Burgundy: France's Cozy Nook
After a music filled daze of a drive through the picturesque French countryside, complete with modern windmills and milky white cows lazily sunning themselves, we arrived in Burgundy.
A welcome respite from the throngs of tourists in Paris, I loved the seclusion and space of empty tracts of land on the outskirts of town as people kept to themselves in the sweltering heat.
Burgundy is known all across the world as a mecca of wine and food, and it certainly lives up to its hallowed reputation. Walking through vineyards, I felt the sun bake my skin while my eyes darted up green hillsides only broken by chateaus. Every uninterrupted moment felt timeless.

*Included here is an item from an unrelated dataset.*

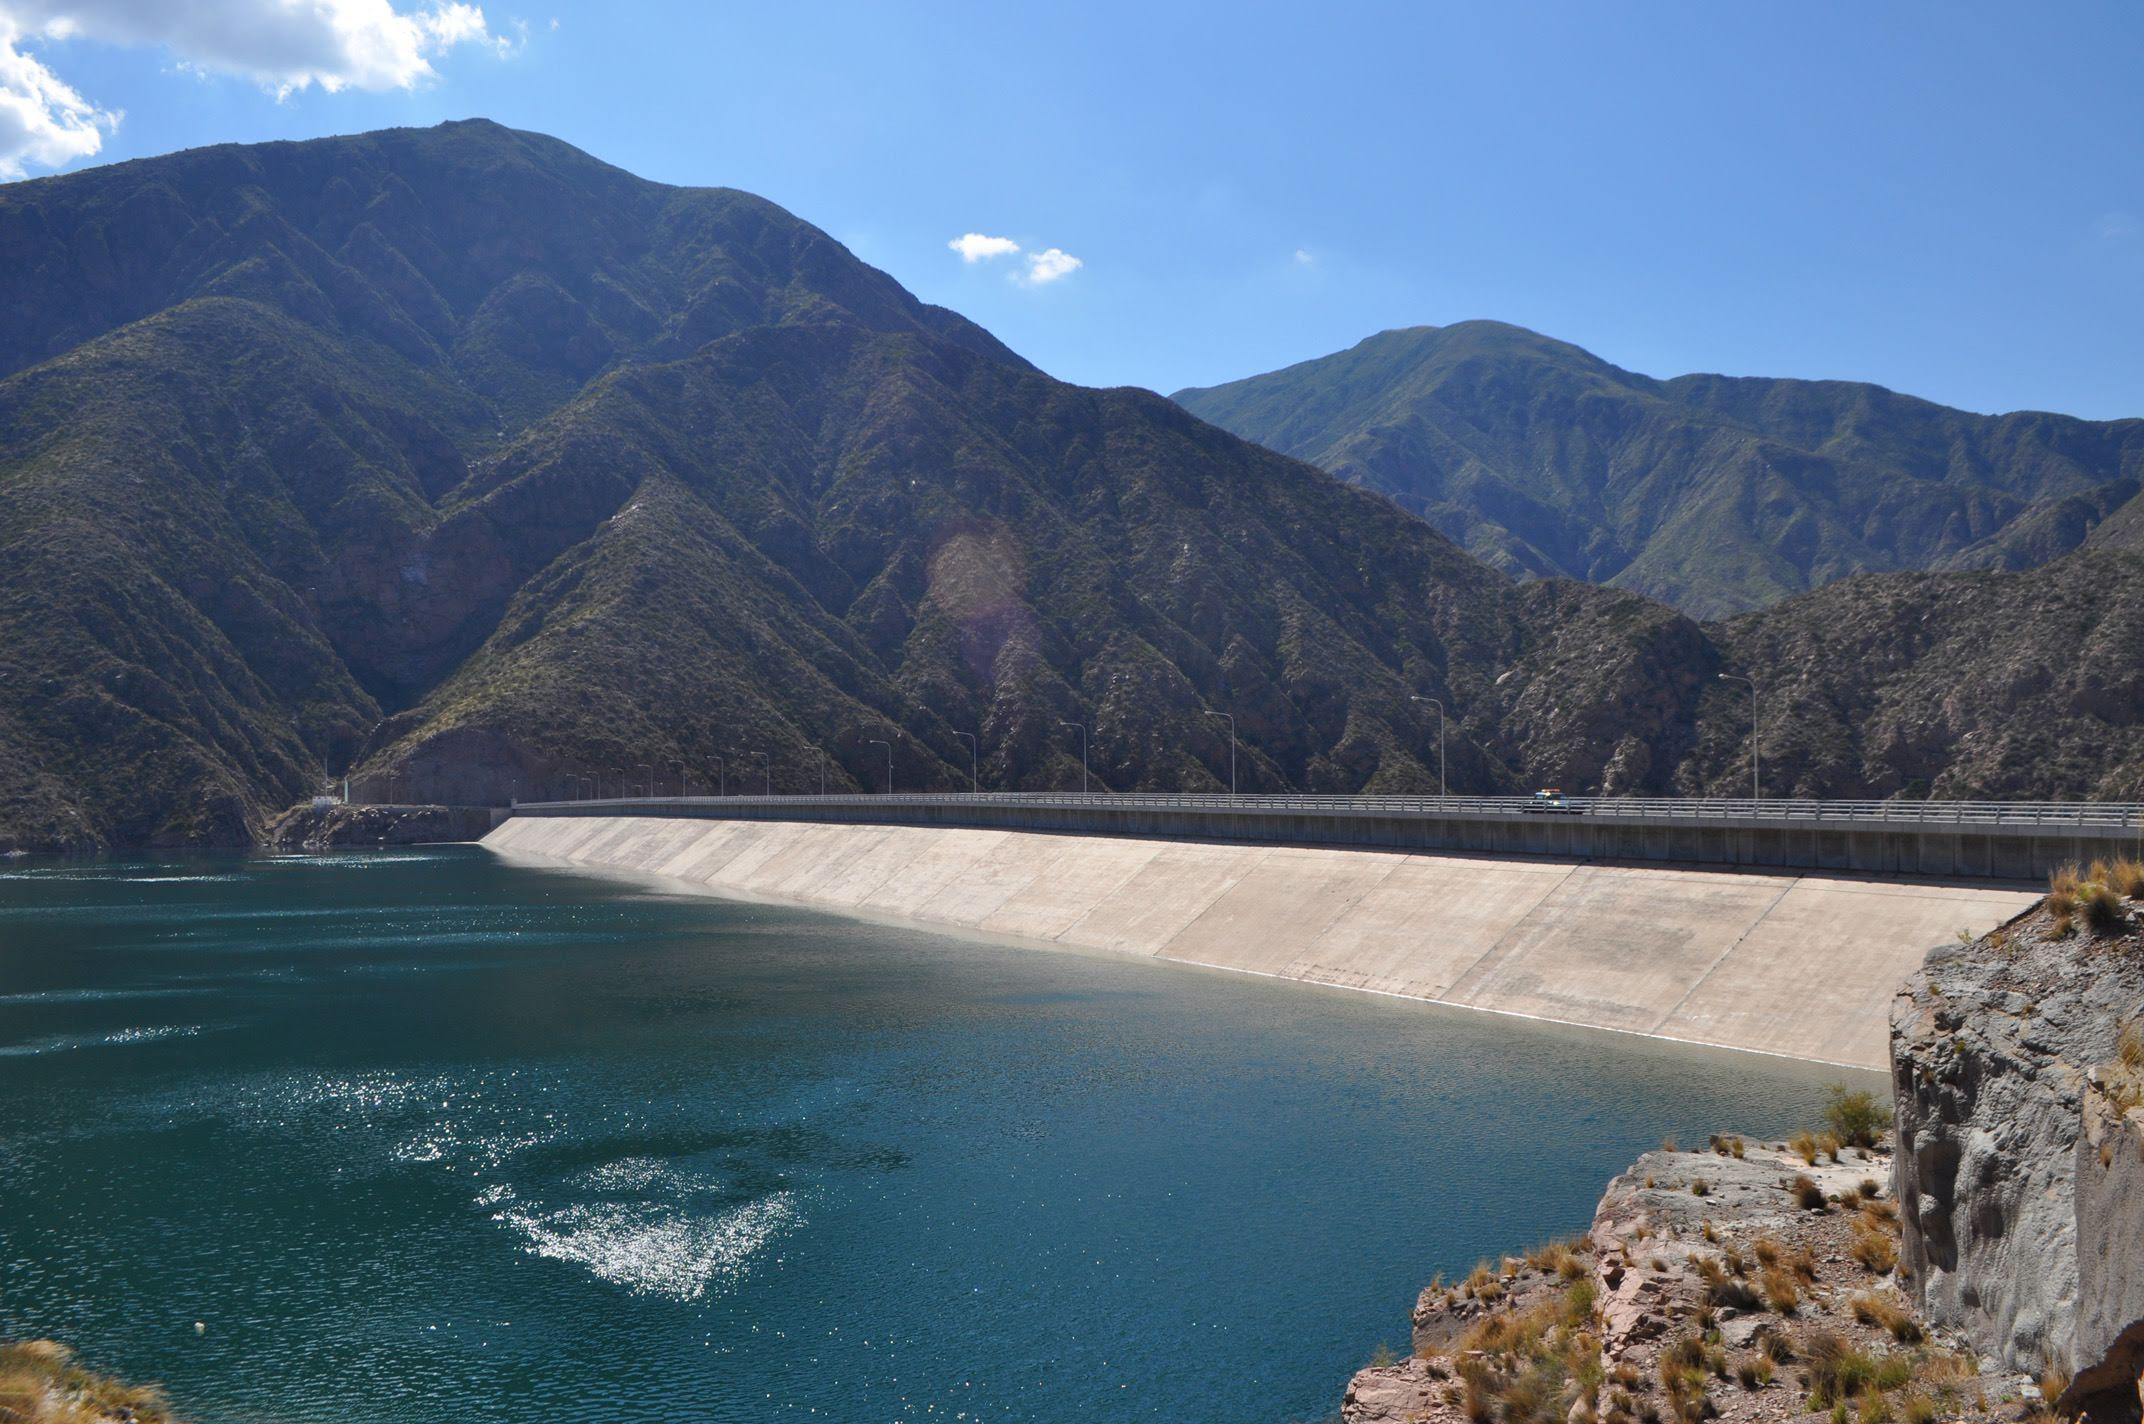 Ya podés descargar y pintar los mejores paisajes hídricos de Mendoza

Winemakers with ancestry dating bake to Napolean stored their barrels in 17th-century caves and held art worthy of the Louvre in their chateaus. As they conducted their craft with an amalgamation of modern wine making techniques and those passed down through centuries, I felt as though I was drinking history through slim-stemmed glasses.
The town of Beaune itself, with small cobbled streets, local stores, and a carousel filled with youthful laughter in the middle of the town square felt almost like a small town from an episode of The Twilight Zone, sans the dystopian undertones - people genuinely seemed to be enjoying themselves. Abundant with isolated clock towers, abandoned churches with broken windows, students sitting in garden nooks smoking cigarettes, elderly couples lost in each other’s eyes, fountains, trellises, and flowers galore, Beaune truly was a nook in France - cozy and comfortable, allowing for the indulgence of forgetting the outside world.